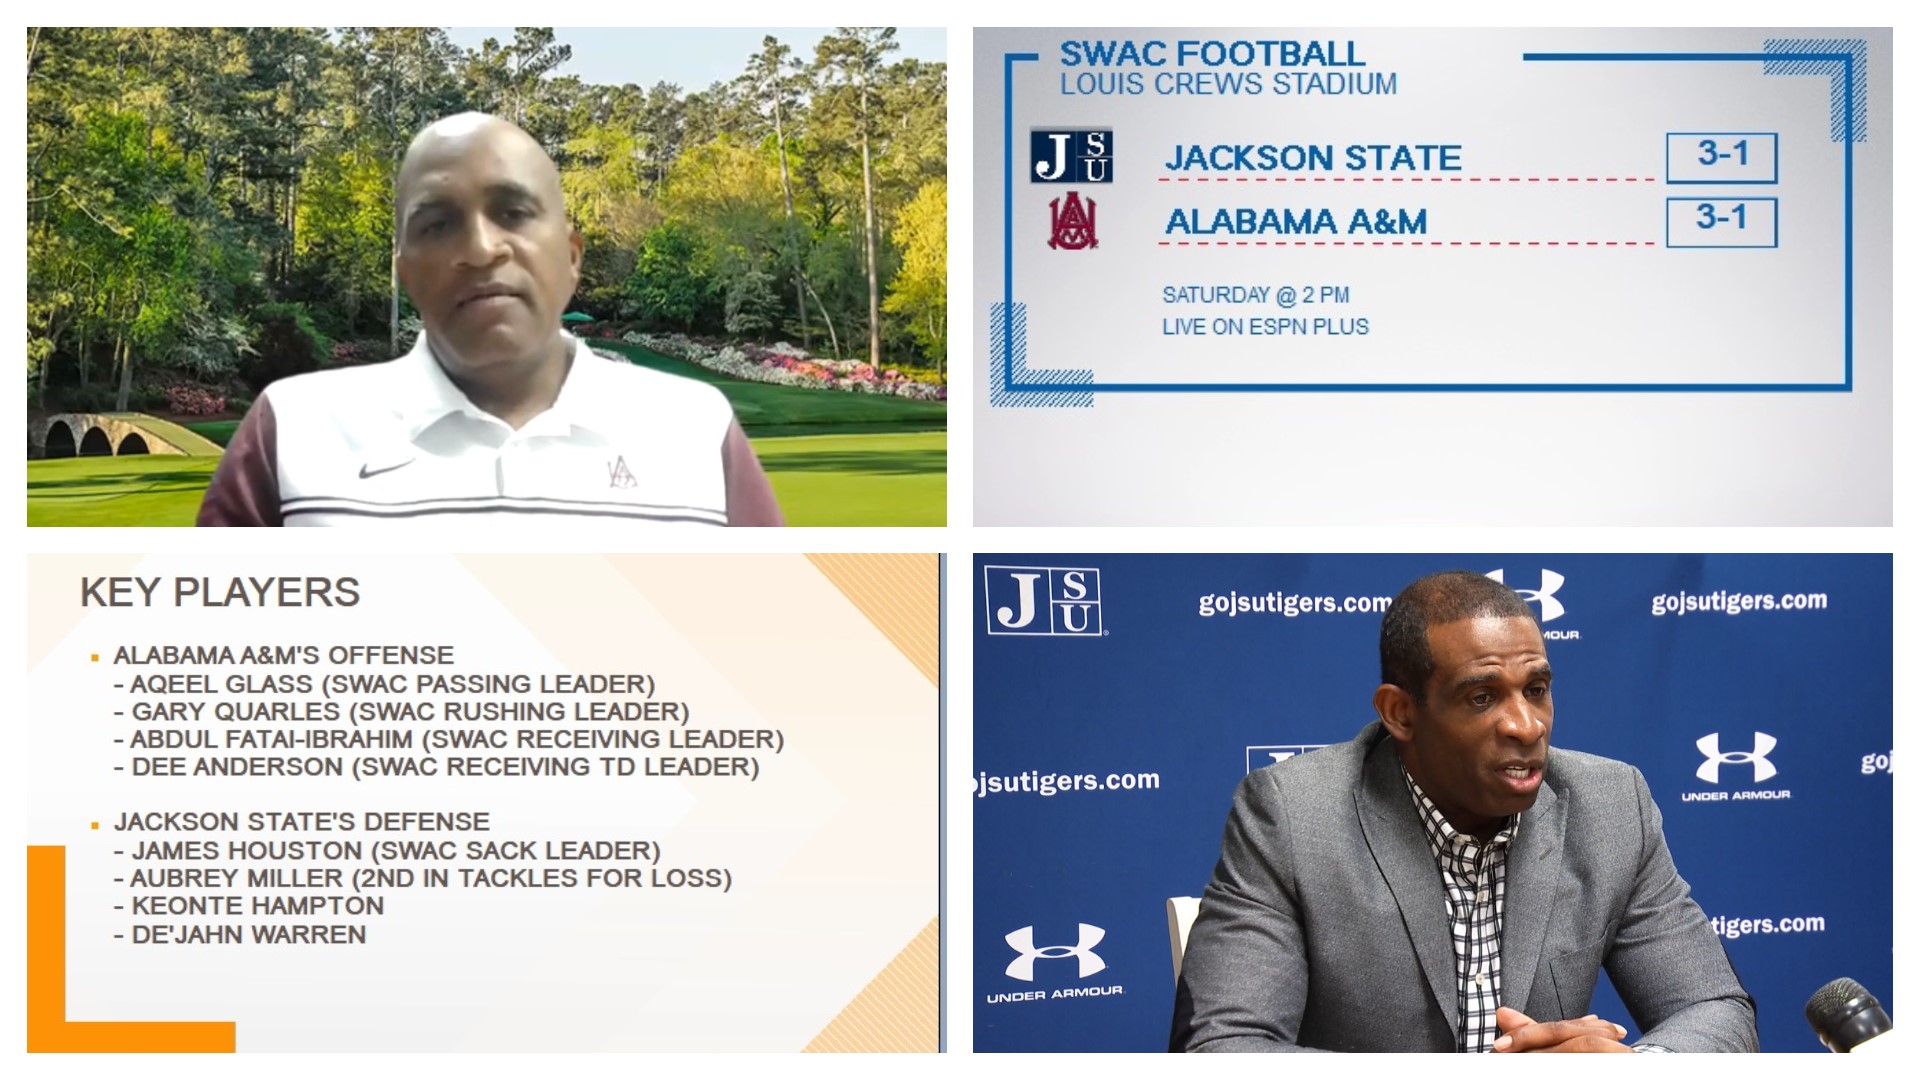 On Saturday, watch out when Alabama A&M's high powered offense goes head-to-head against Jackson State's vaunted defense. Both units are ranked 1st in the SWAC.
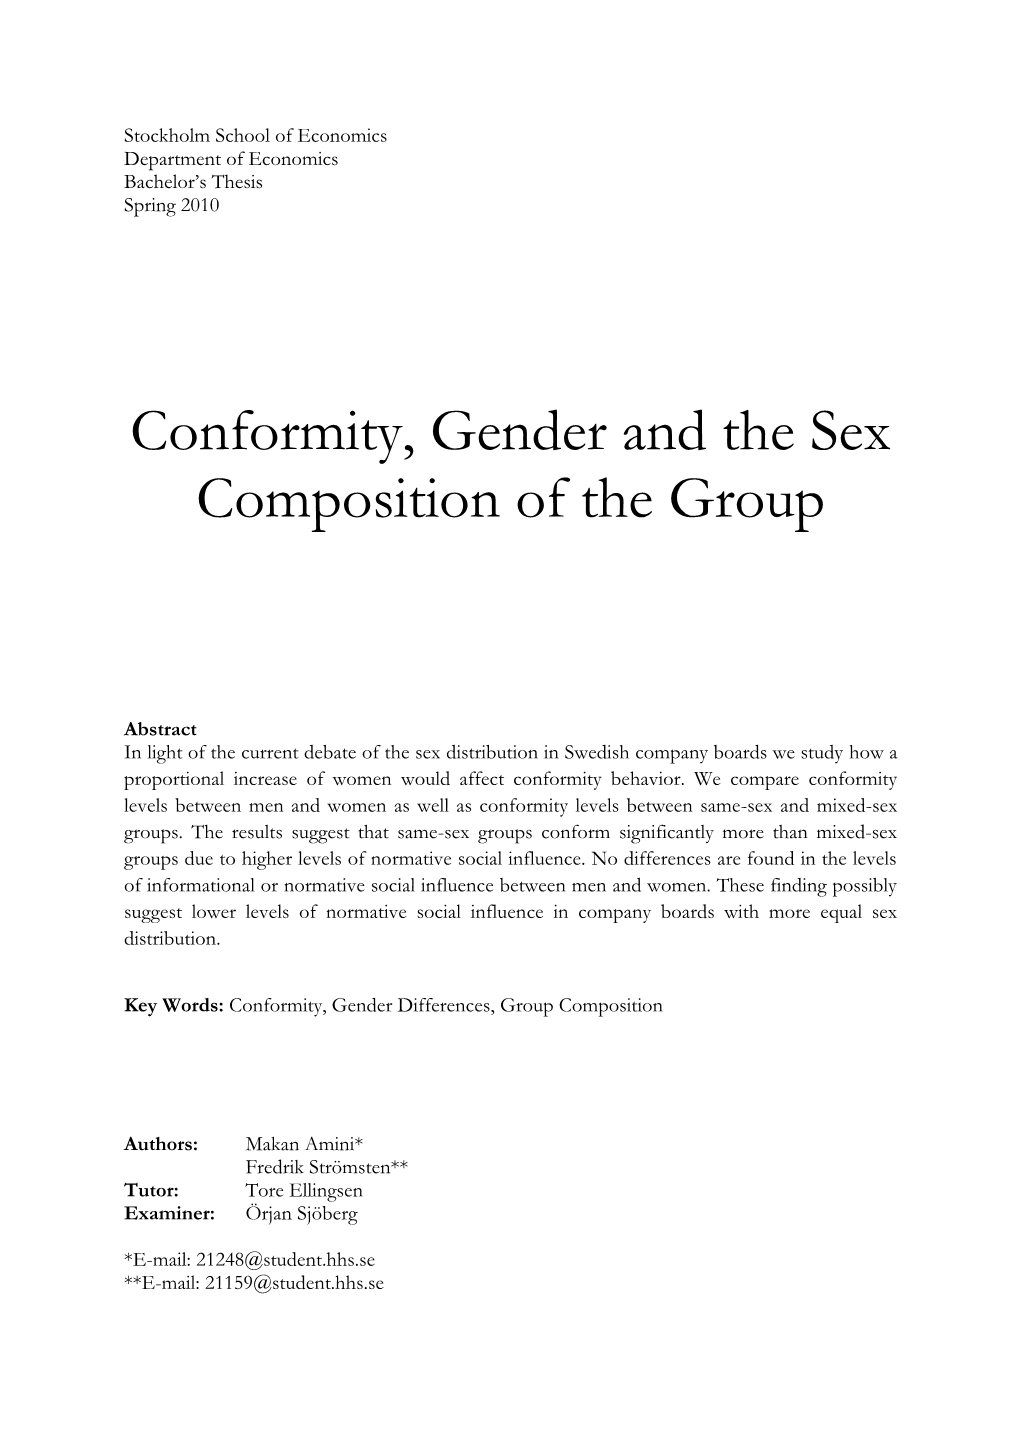 Conformity, Gender and the Sex Composition of the Group
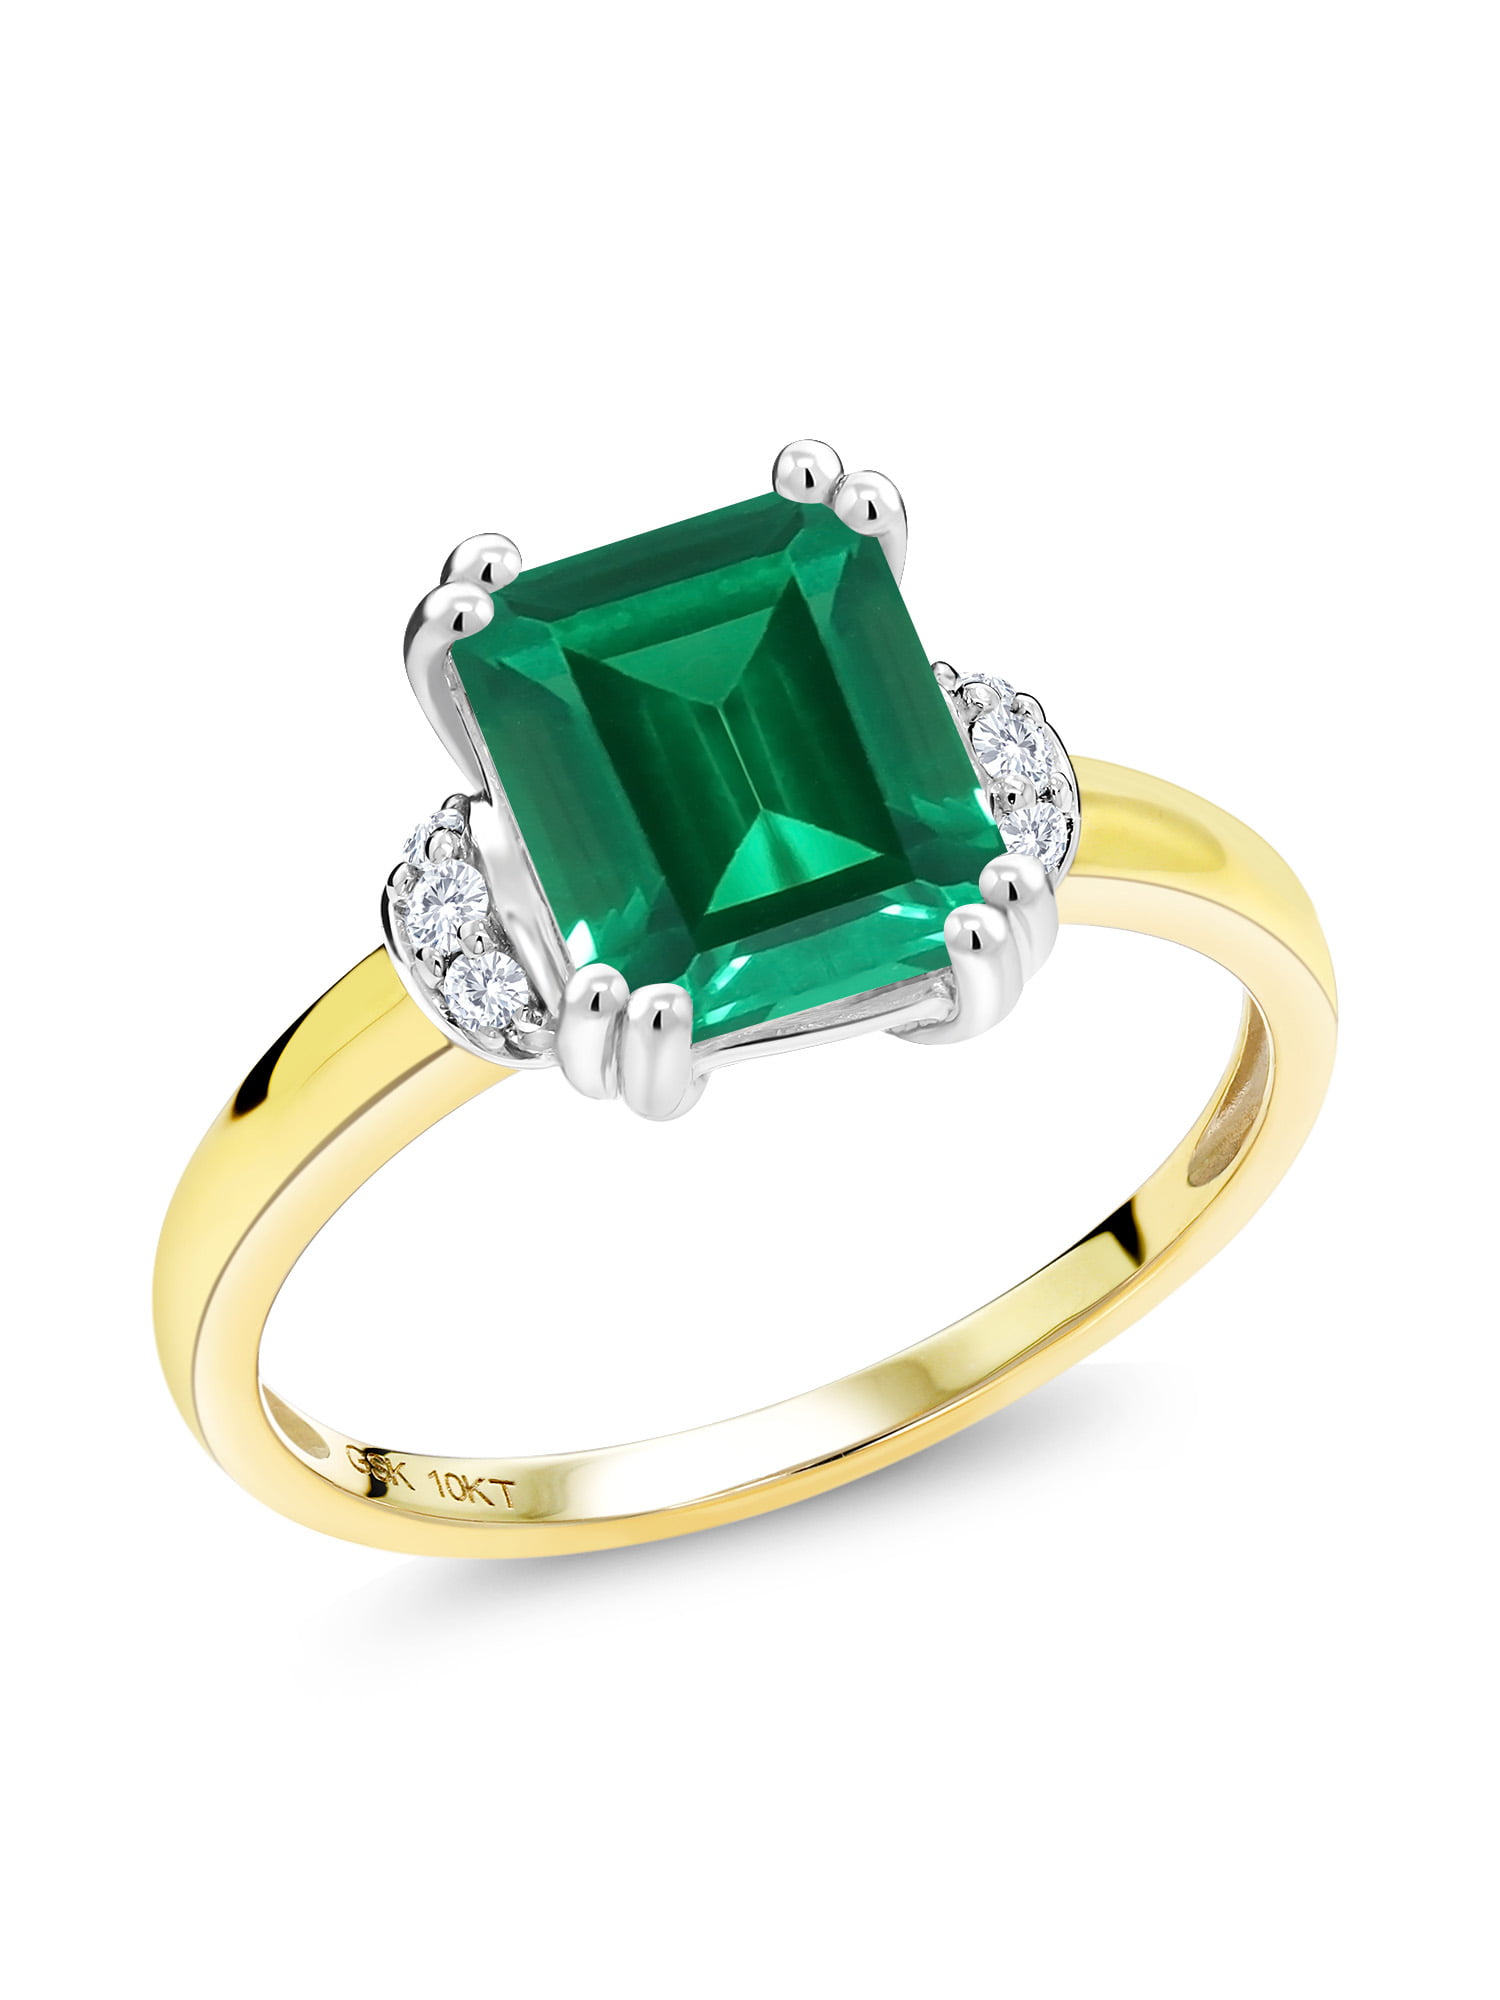 Gem Stone King - 10K Two Tone Gold Green Simulated Emerald and Diamond

ABOUT THIS TASK: Skipping the pictures, transcribe each line above exactly as it appears.

RESULT FOR THIS TASK:
 On Saturday, watch out when Alabama A&M's high powered offense goes head-to-head against Jackson State's vaunted defense. Both units are ranked 1st in the SWAC.
 Conformity, Gender and the Sex Composition of the Group
 Gem Stone King - 10K Two Tone Gold Green Simulated Emerald and Diamond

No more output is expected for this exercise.